Работая с книгой, Курье подпортил рукопись вложенной им между листами бумагой, залитой чернилами, после чего захлопнул манускрипт, а через несколько дней было обнаружено чернильное пятно на том самом месте рукописи, где был неизвестный ранее фрагмент романа, и, если бы не оплошность Курье, флорентийская рукопись могла бы этот пропуск восполнить.

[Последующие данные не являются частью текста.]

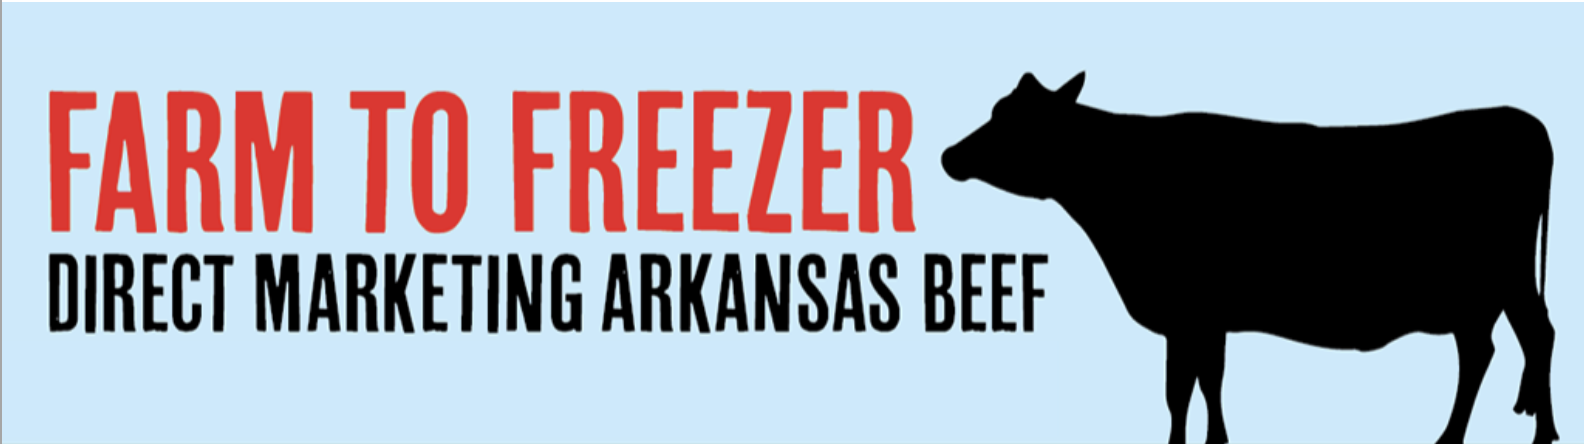 Farm to freezer banner

Этот случай вызвал значительный резонанс, как в Италии, так и во всём филологическом научном мире, а споры об умышленности и степени вины Курье продолжаются до сих пор. Дело в том, что ценная рукопись конца XIII века (Gr. Conventi Soppressi 627, или Laurentianus A), испорченная французским исследователем, была единственным экземпляром, в котором имелся фрагмент, отсутствовавший во всех других известных манускриптах этого романа. Этот пропуск получил в филологии название «большая лакуна» (лат. magna lacuna) и делал непонятным одно из мест в первой книге романа, а уникальная флорентийская рукопись этот пробел восполняла.

Курье успел скопировать соответствующий фрагмент до его повреждения, но оставленные им чернильные пятна (масштаб повреждения ещё больше увеличился после того, как пятно неудачно пытались вывести соляной кислотой) испортили именно то место в рукописи (folio 23 verso), которое отсутствовало во всех других источниках, так что единственной возможностью судить об утраченном тексте стала отныне именно копия Курье. Таким образом повреждение документа поставило последующих исследователей романа в зависимость от его прочтения и перевода, предлагаемого Курье, и «делало само его имя навсегда увязанным с „Дафнисом и Хлоей“». Франческо Дель Фурия, библиотекарь, помогавший Курье в работе, а впоследствии главный инициатор разразившегося скандала и обвинений в его адрес, гневно писал по этому поводу :

От жуткости увиденного у меня застыла кровь в жилах, и это было надолго, хотелось кричать, хотелось говорить, но голос не шёл у меня изо рта, а ледяной холод сковывал мои члены. Наконец в негодовании, охватившем меня после причинённой мне боли, я закричал.

Этот инцидент вызвал многочисленные обвинения в адрес Курье в злонамеренности его действий, умышленном искажении рукописи, в том, что он собирается завладеть исключительным правом на новое издание романа. В Италии стала распространяться антифранцузская патриотическая пропаганда среди научных кругов и общественности: «Посыпались жалобы в местные газеты, стали выходить брошюры, буря всё разрасталась. В короткий период затишья, воцарившегося над Европой, об этой кляксе перешёптывались от Рима до Парижа». На фоне наполеоновских войн и оккупации Италии (а также того, что и сам Курье был армейским офицером) всё это придавало этому скандалу оттенок «милитаристского» вандализма и бесчинства на завоёванной территории. Кроме того, итальянские власти запретили Курье публикацию скопированного им текста в любой форме. Курье стал защищаться, приводя аргументы в пользу неумышленности своих действий, таким образом, возникла целая полемика по этому вопросу, которая стала достоянием всей читающей европейской публики.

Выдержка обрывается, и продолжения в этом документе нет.